Выбрать главу

Голод толкает и на первые преступления. Для душевных коллизий в жизни ребенка первый поступок, который он сам осознает как преступление, имеет огромное значение. Здесь, в этом моменте, часто скрыты самые тяжкие для ребенка воспоминания. «Воровал я в трюме муку», — пишет мальчик-кадет (II кл.). Не случайно, может быть самое жуткое по душевной изломанности, сочинение с таким надрывом говорит о воровстве: «На моих руках было трое младших меня, я был без копейки (мать бежала, отца убили, мальчику было 13 лет). Что было делать? Я начал продавать газеты, но этим не много заработаешь. Тогда! О, поймете трагедию моей души и стыд первых шагов… Раньше я считал грехом стянуть у матери сахар, а тут стал сознательным вором. Я крал всюду, где было можно, съестное, дрова, деньги…»

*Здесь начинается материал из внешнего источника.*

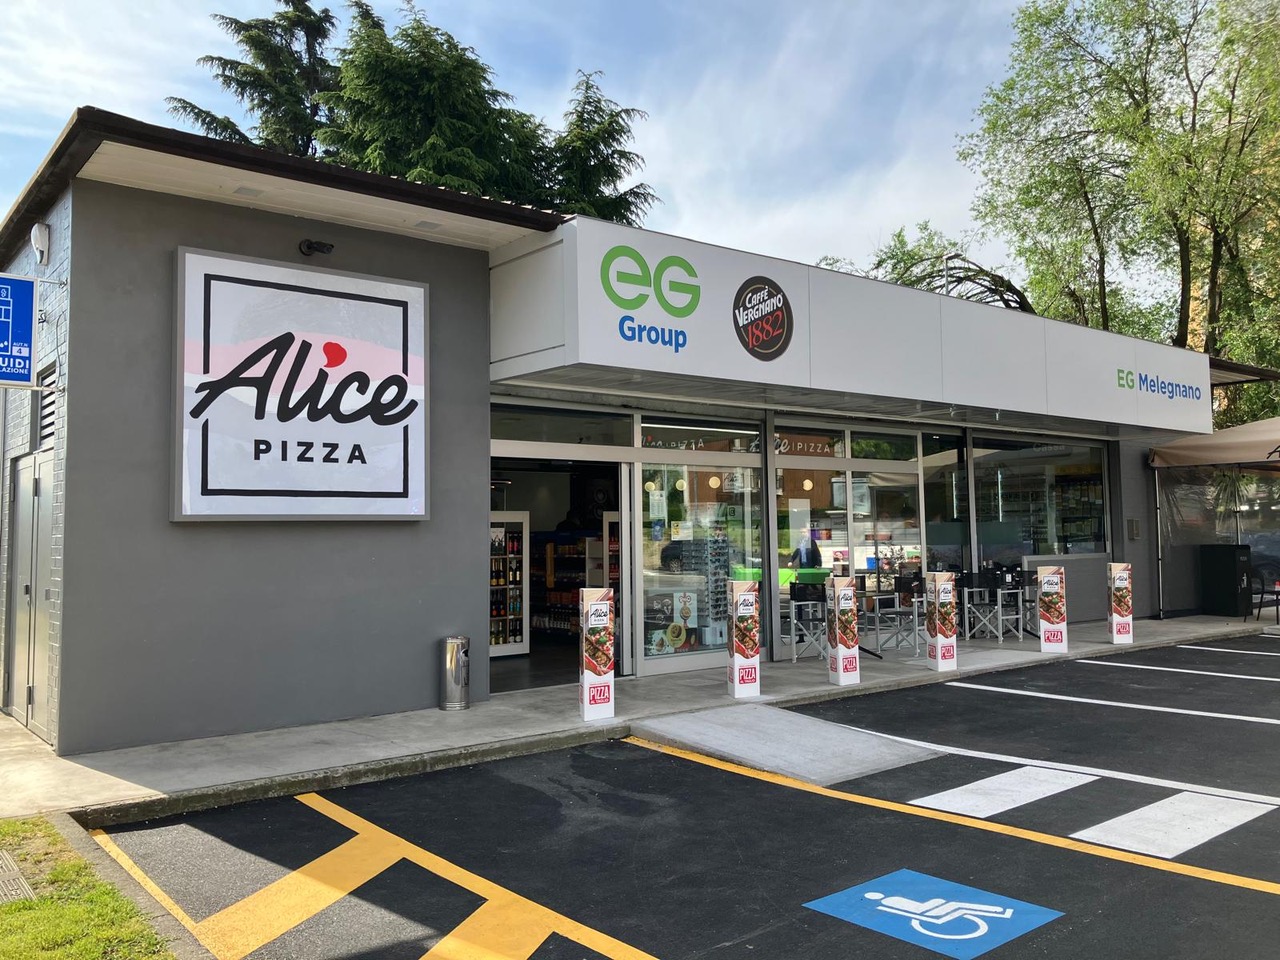 Apre Alice Pizza nella stazione EG Italia di Melegnano

После голода, и это чаще в нашем случае, вырывал детей из детской обстановки физический труд. Очень рано нужда и стечение трагических обстоятельств взваливали на детские плечи непосильную физическую работу и сознание ответственности за судьбу младших братьев и сестер. Вот несколько из многих и многих примеров. «Мне было всего пять лет, и мне приходилось носить дрова на своих плечах. Старший брат с мамой ходили пилить дрова, они напекали нам с братом на целую неделю хлеба. И вот я, пяти лет, а мой младший брат, имеющий четыре года, должны были целую неделю сами ночевать и поддерживать хозяйство». Девушка (VII кл.) вспоминает свою жизнь в Севастополе: «Скоро я стала служить, мне только исполнилось 13 лет, с 10 час. утра до самого вечера меня не было, долго я продавала газеты, в последнее время была помощницей экспедиторши газеты… и в то же время курьером при газете». Труд, правда, вырывая из детства, все же не разрушал, а часто и приподнимал ребенка морально. Очень хорошо это оздоровляющее значение труда в психике ребенка сказалось в одном из воспоминаний душевно сохранившегося юноши. «Тяжело мне было не нравственно, а физически… Мне, как единственному мужчине, оставшемуся дома при семье, приходилось трудно. Семья — большая, работы было много, а работать почти некому. День и ночь мне приходилось заботиться о своих младших братьях и сестрах, и несмотря на то, что этот последний год я подорвал свое здоровье, я не жалею об этом, без стыда вспоминаю эти годы своей жизни. У меня осталось сознание исполненного долга перед семьей…» (VII кл.).

Сами по себе события, как бы грозен ни был их смысл, проходят часто мимо сознания ребенка. Проводником их во внутренний мир являются наблюдения над близкими. Он видит следы слез на глазах матери, тревогу отца, приготовления к отъезду, но сам, своим детским умом, ни в чем разобраться не может. С недоумением он обращается с вопросами и расспросами ко взрослым, прежде всего к матери, но чаще всего не находит удовлетворяющего ответа. Слышит непонятные слова «революция», «большевики», «чрезвычайка» и по-своему себе их объясняет. «Большевик», в его представлении, какое-то большое, огромное чудовище, «чрезвычайку» он упорно называет «черезвычайка». Эту беспомощность очень ярко передает мальчик-казак: «Жил я в станице, ничего не знал о войне, о революции, и мне какими-то странными словами казались „революция“, „война“. „Что такое, батя?“ — спрашивал я отца, который отвечал: „Много будешь знать, скоро состаришься“. Молодой еще и недовольный уходил (я) в сад, садился на вишню и много, много думал об этом, но к чему могли меня привести мои детские мысли» (VI кл.).

Ребенку нужна конкретность, тогда он по-своему, применительно к себе объясняет общие понятия, которые вдруг стали занимать столько места в разговорах взрослых. Очень любопытно, как мальчик объяснил, что такое «свобода». «За обедом я узнал, что все стали равны и могут что угодно делать. После обеда мне бонна давала рыбий жир, которого я не любил. Я не захотел его пить и сказал, что теперь свобода, и я не приму рыбий жир. Через неделю приехал Керенский и говорил речь…» Так по-детски верен этот рыбий жир рядом с Керенским. И в горе точно также конкретен ребенок. Нужно, чтобы горе нашло путь в его детскую душу, куда он неохотно его пускает. Посмотрите, какими странными для нас, взрослых, словами ребенок описывает видимые ужасы. «Когда мы ехали, то я прямо ужасалась, потому что около церкви висели повешенные люди, и было написано, что это большевики, но это все время проделывали местные большевики. Когда мы сели в вагон, то перед нашими глазами повесили трех и тоже сделали такую же надпись, и после этого у меня осталось плохое впечатление» (IV кл.). И это «осталось плохое впечатление» не только от беспомощности языка, но и от детской невосприимчивости к ужасному вообще, вне личных переживаний.